### Data extract
——————————

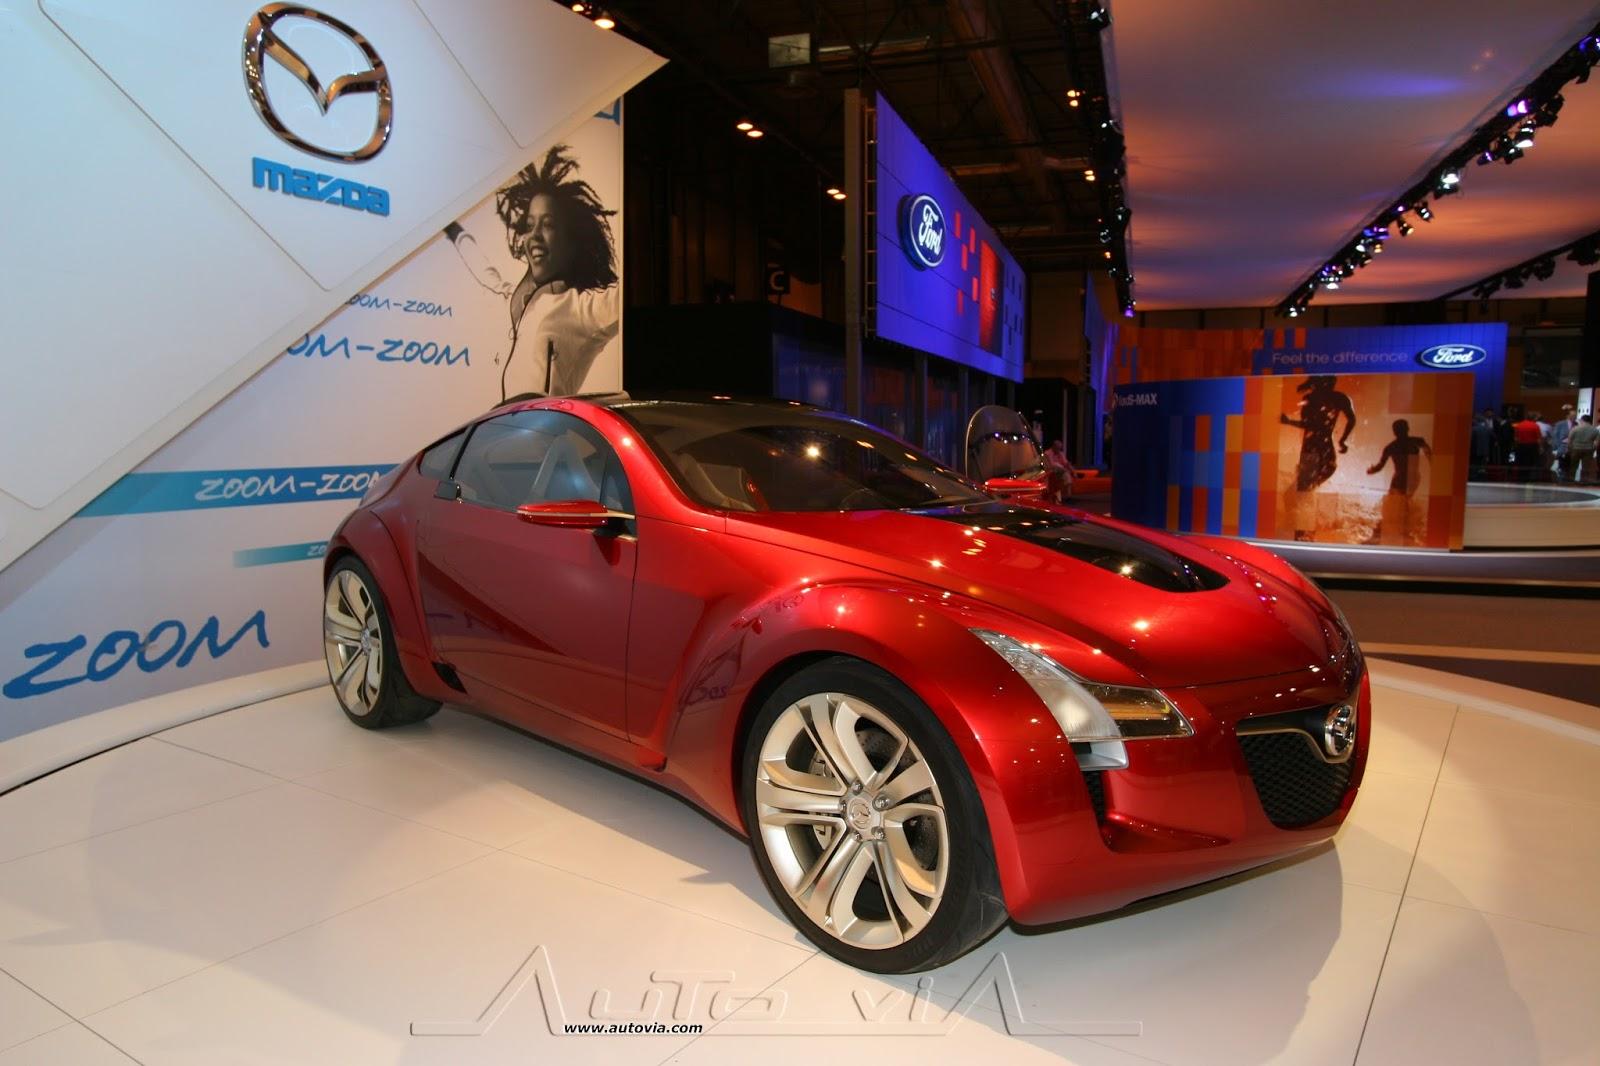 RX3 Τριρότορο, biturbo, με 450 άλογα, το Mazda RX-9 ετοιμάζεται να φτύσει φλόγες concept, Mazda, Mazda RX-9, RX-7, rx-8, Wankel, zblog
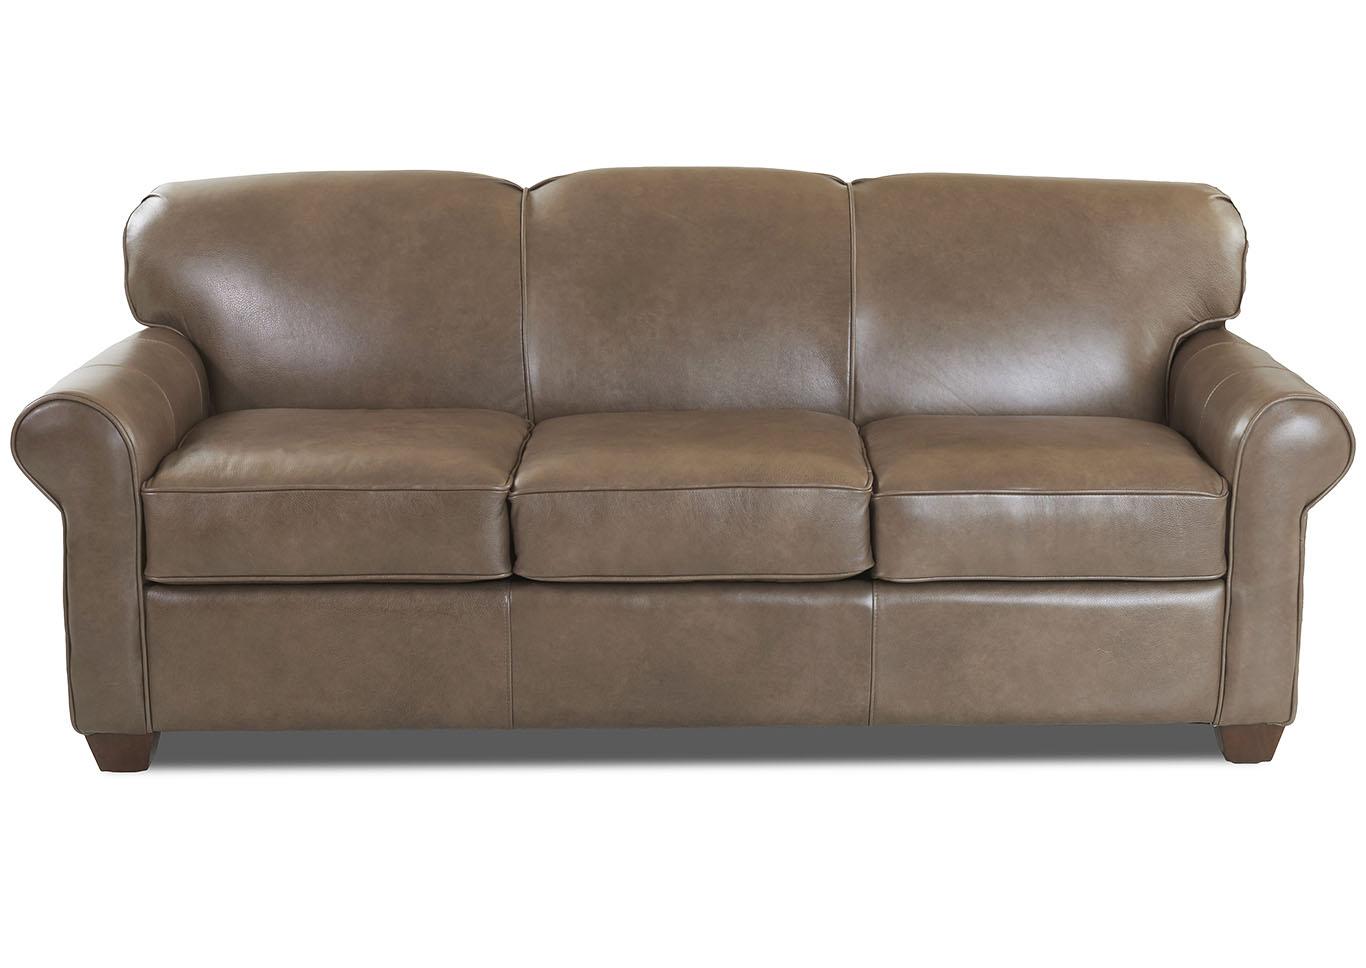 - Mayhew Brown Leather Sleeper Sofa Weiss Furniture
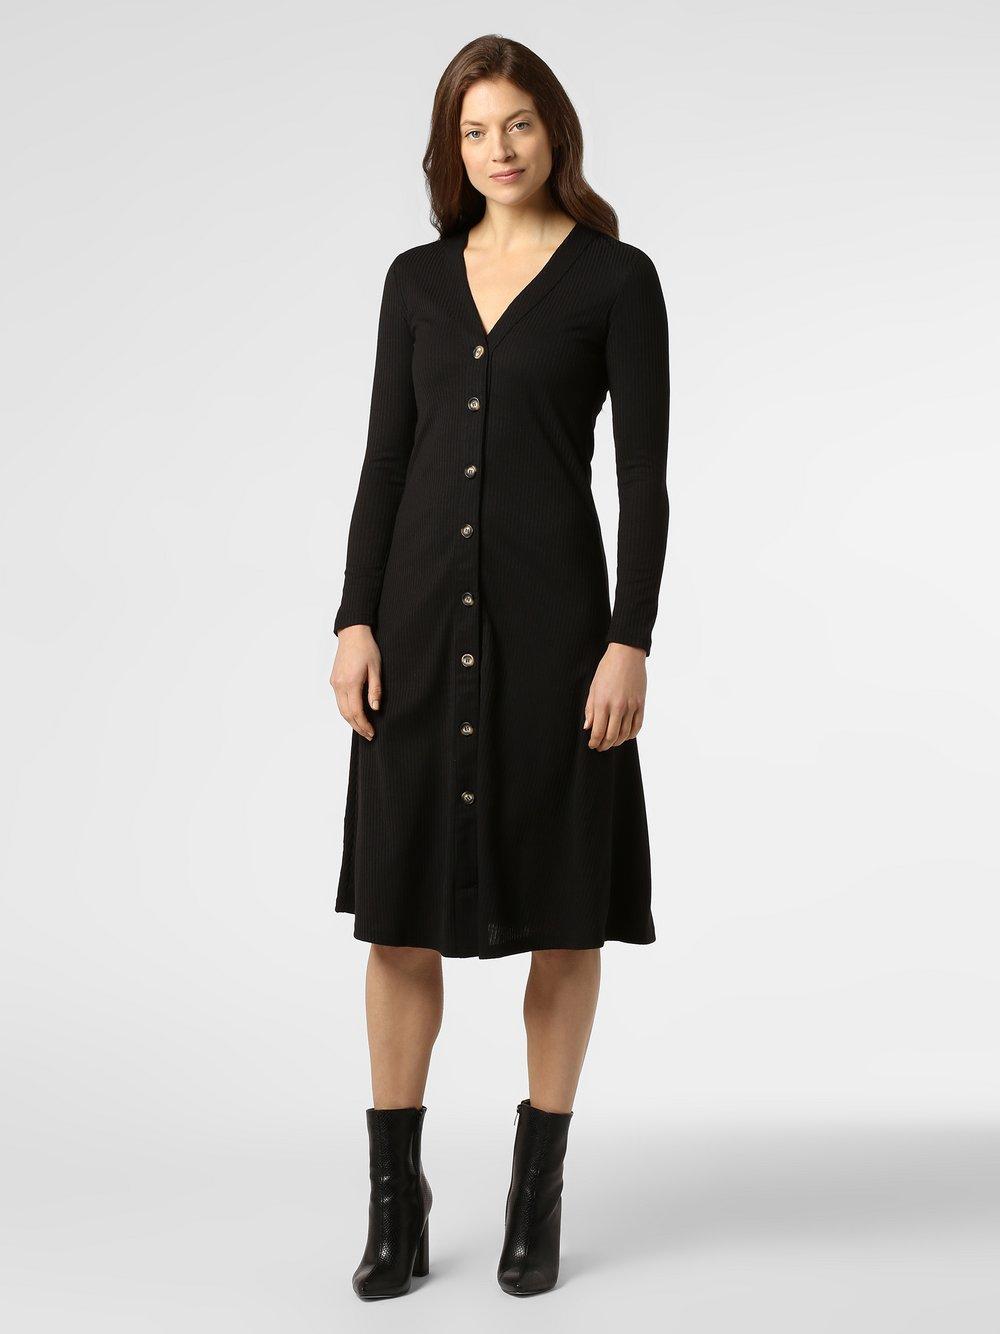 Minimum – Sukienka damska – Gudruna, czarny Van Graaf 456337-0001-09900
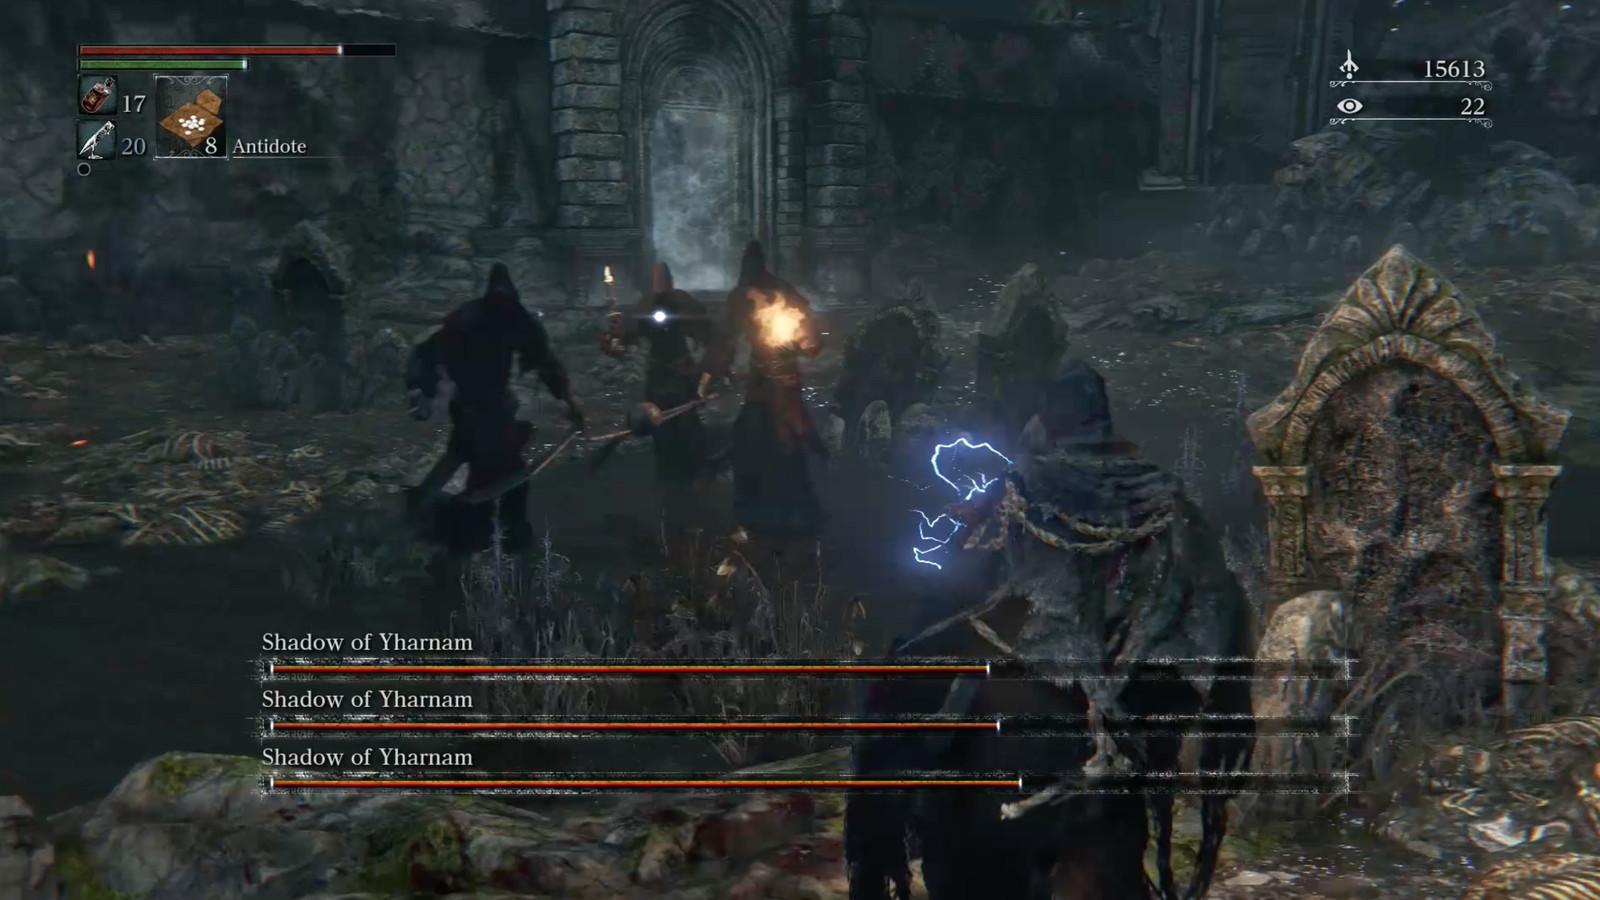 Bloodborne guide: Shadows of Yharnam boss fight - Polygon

——————————

### Exercise goal
Take the preceding listing and transcribe it exactly, skipping the pictures.

### Response for this exercise
 RX3 Τριρότορο, biturbo, με 450 άλογα, το Mazda RX-9 ετοιμάζεται να φτύσει φλόγες concept, Mazda, Mazda RX-9, RX-7, rx-8, Wankel, zblog
 - Mayhew Brown Leather Sleeper Sofa Weiss Furniture
 Minimum – Sukienka damska – Gudruna, czarny Van Graaf 456337-0001-09900
 Bloodborne guide: Shadows of Yharnam boss fight - Polygon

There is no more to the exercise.